Data for this task
================
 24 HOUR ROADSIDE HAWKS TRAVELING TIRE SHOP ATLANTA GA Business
================
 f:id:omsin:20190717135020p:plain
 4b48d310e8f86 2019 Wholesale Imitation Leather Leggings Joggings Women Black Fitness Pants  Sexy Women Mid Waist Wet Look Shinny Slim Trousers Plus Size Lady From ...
================
Work to be completed
Return exactly the lines above from the line that has "f:id:omsin:20190717135020p:plain" through the line that has "4b48d310e8f86 2019 Wholesale", inclusive, and nothing else.

Result below
 f:id:omsin:20190717135020p:plain
 4b48d310e8f86 2019 Wholesale Imitation Leather Leggings Joggings Women Black Fitness Pants  Sexy Women Mid Waist Wet Look Shinny Slim Trousers Plus Size Lady From ...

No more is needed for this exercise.